FTO Patterns can be custom made based on customer's requirements.
Specifications of TEC 8 glass:
- Glass: Pilkington NSG TEC Glass TEC 8. TEC 15 (12-15 ohm/sq) and TEC 7 (7-8 ohm/sq), other types are available upon request.
- TEC 7 offers the lowest resistivity value in the NSG TEC range. Combined with relatively low haze, it can be used for a wide range of applications.
- TEC 15 is the best choice for applications requiring passive condensation control and thermal performance with low-emissivity and clear color-neutral appearance.
- Glass Transition Temperature: 564°C (1,047°F ) for soda-lime glass substrate
- Typical Dimensions: 1" x 1" (25 mm x 25 mm), 2" x 2", 4" x 4", 6" x 6", or can be customized to any size specified by the customer.
- Glass thickness: 3.2 mm, FTO glass with other sizes are available upon request
- Nominal FTO film thickness: 600 nm
- Special Patterns: can be customized according to customer provided drawings.
- Sheet resistance: 6-9 ohm/sq
- Etching Capability: Laser etching or wet etching for detailed patterns.
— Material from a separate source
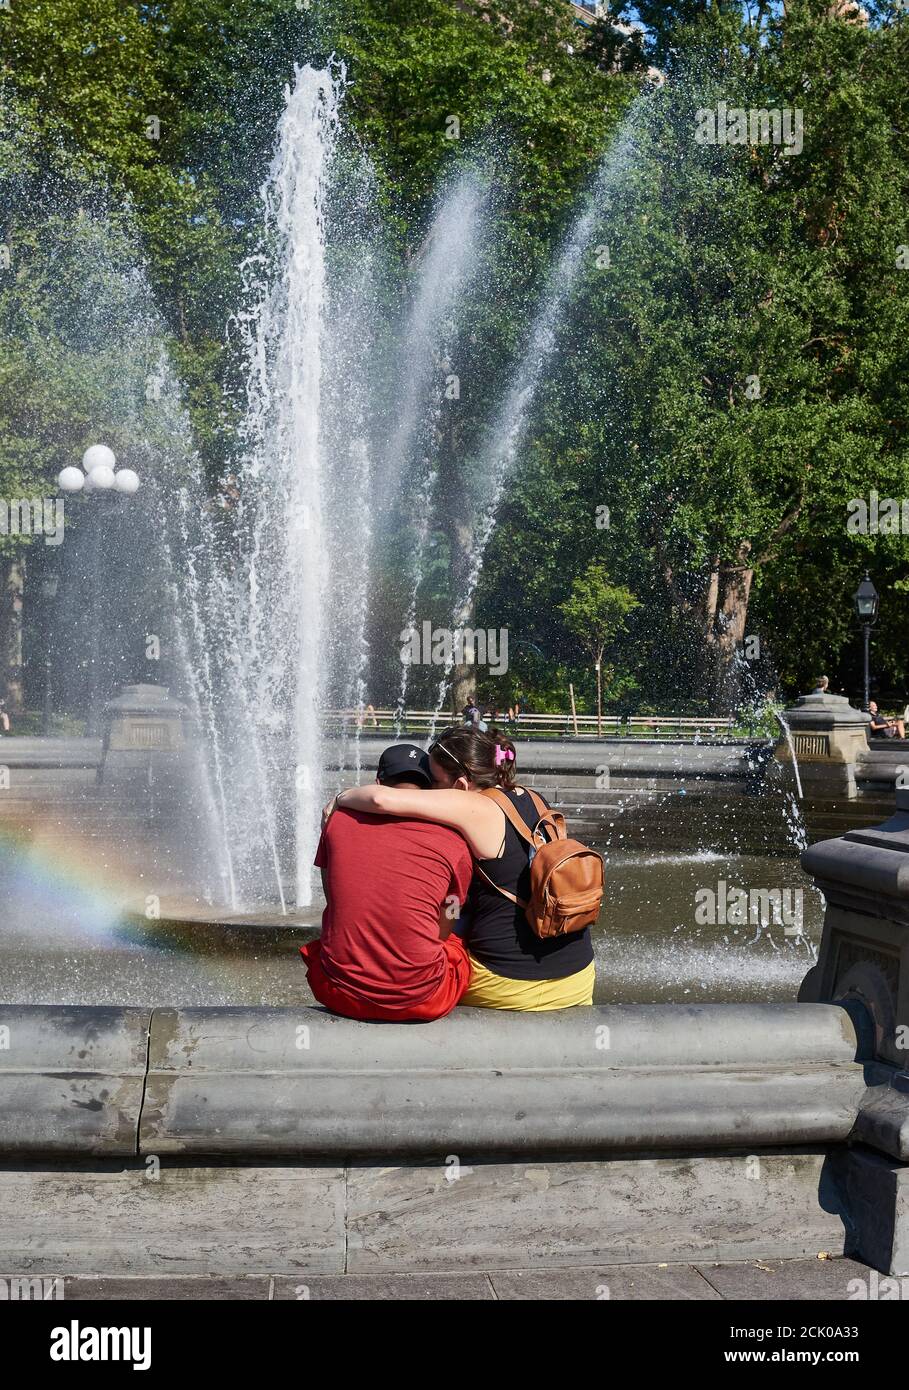 NEW YORK, NY - SEPTEMBER 8 2020: A couple embrace, as they sit in front of the fountain in Washington Square Park. Stock Photo
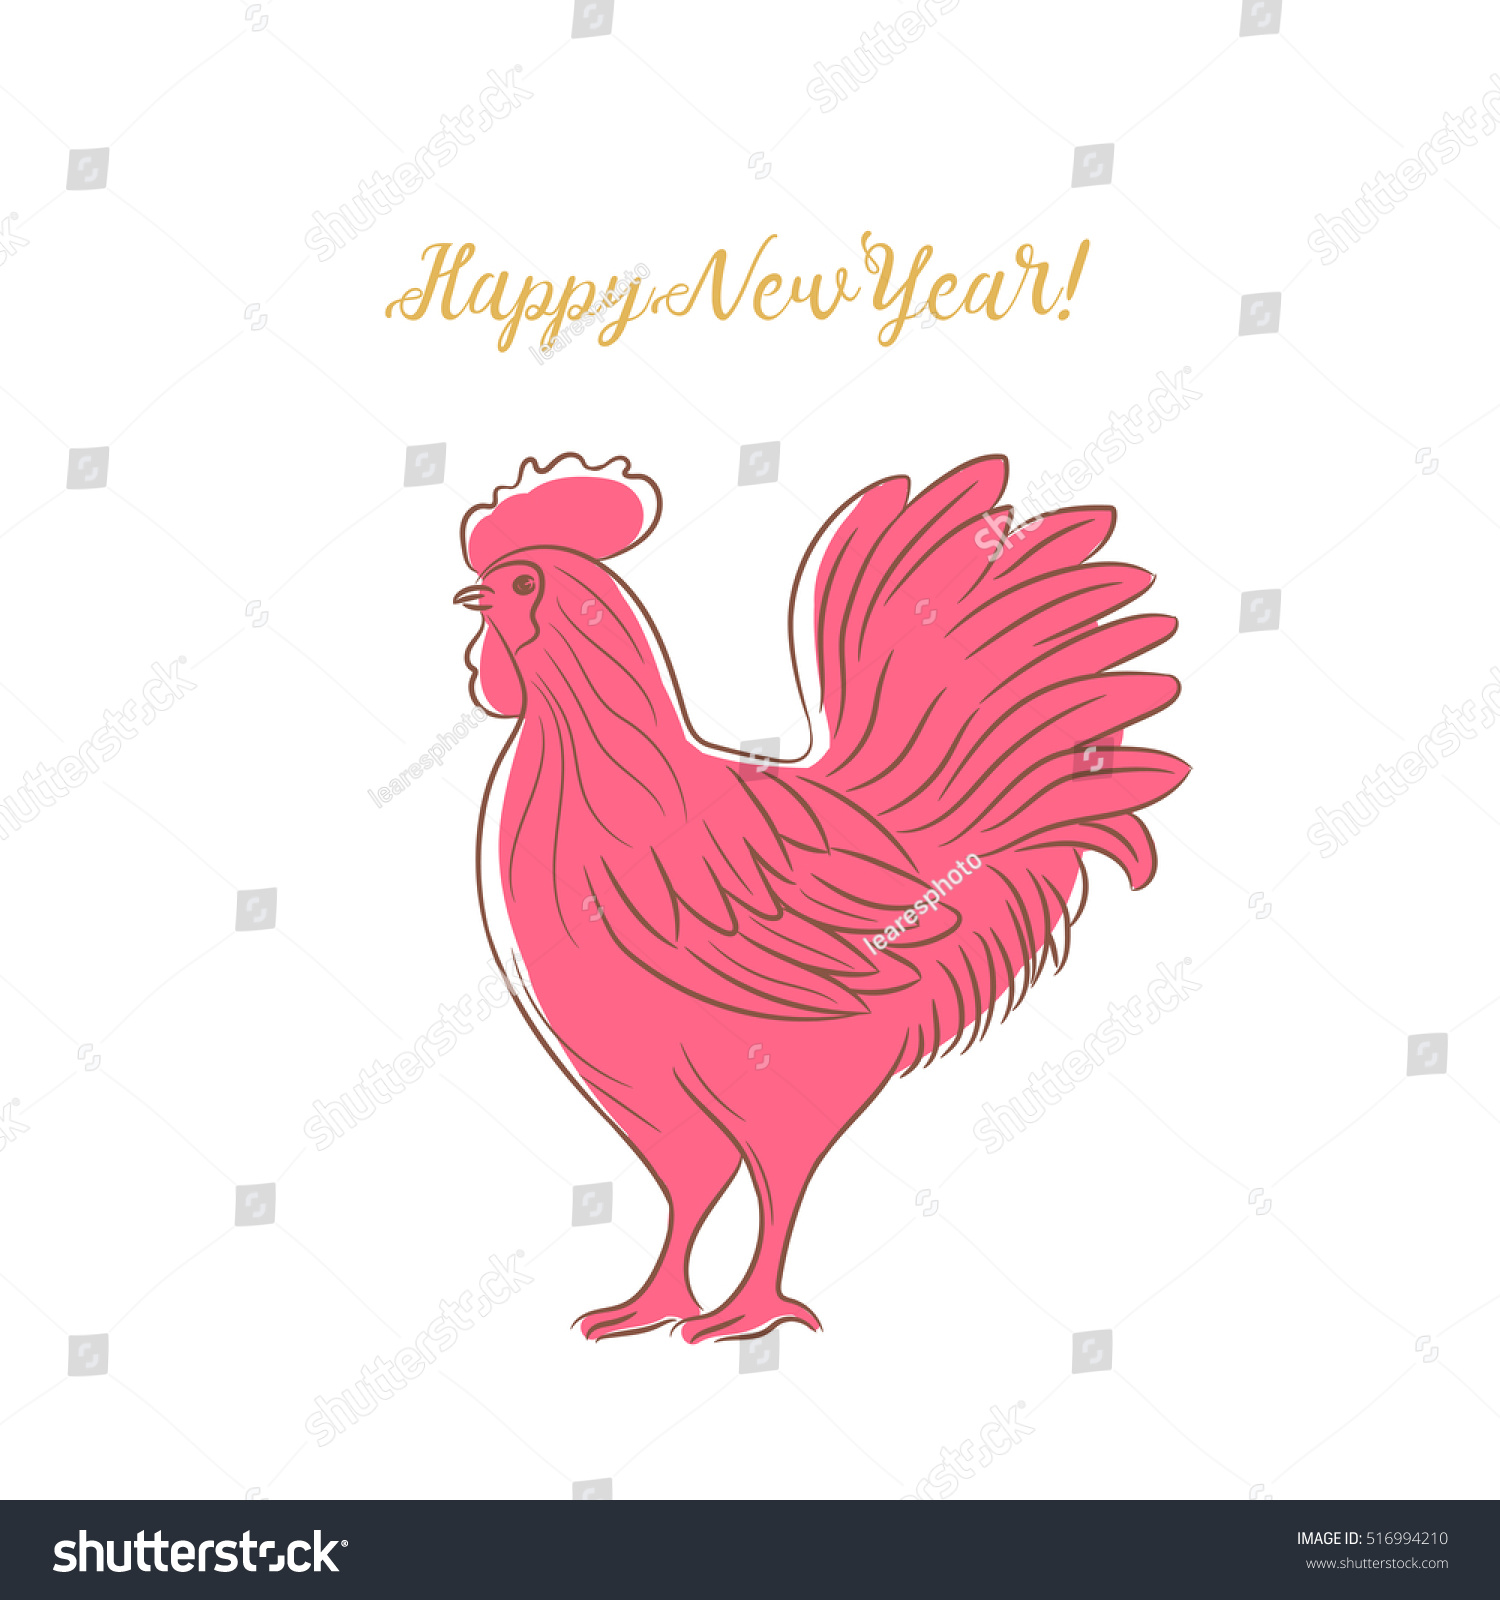 SVG of Drawing red rooster. Design Happy New Year greeting card. Cock, bantam, cock-a-doodle-doo illustration svg

Both techniques have a resolution of +/- 50um.
- Visible Light Transmittance: >80% (80-81.5%)
- UV Transmittance: >46%
- Haze: 12%
- Emissivity (EN 12898): 0.12
- Maximum operating temperature: Although the FTO film can be heated up to 700°C, the soda lime glass (SLG) substrate has a glass transition temperature of 564°C. The recommended maximum operating temperature for FTO coated SLG substrates is up to 550°C.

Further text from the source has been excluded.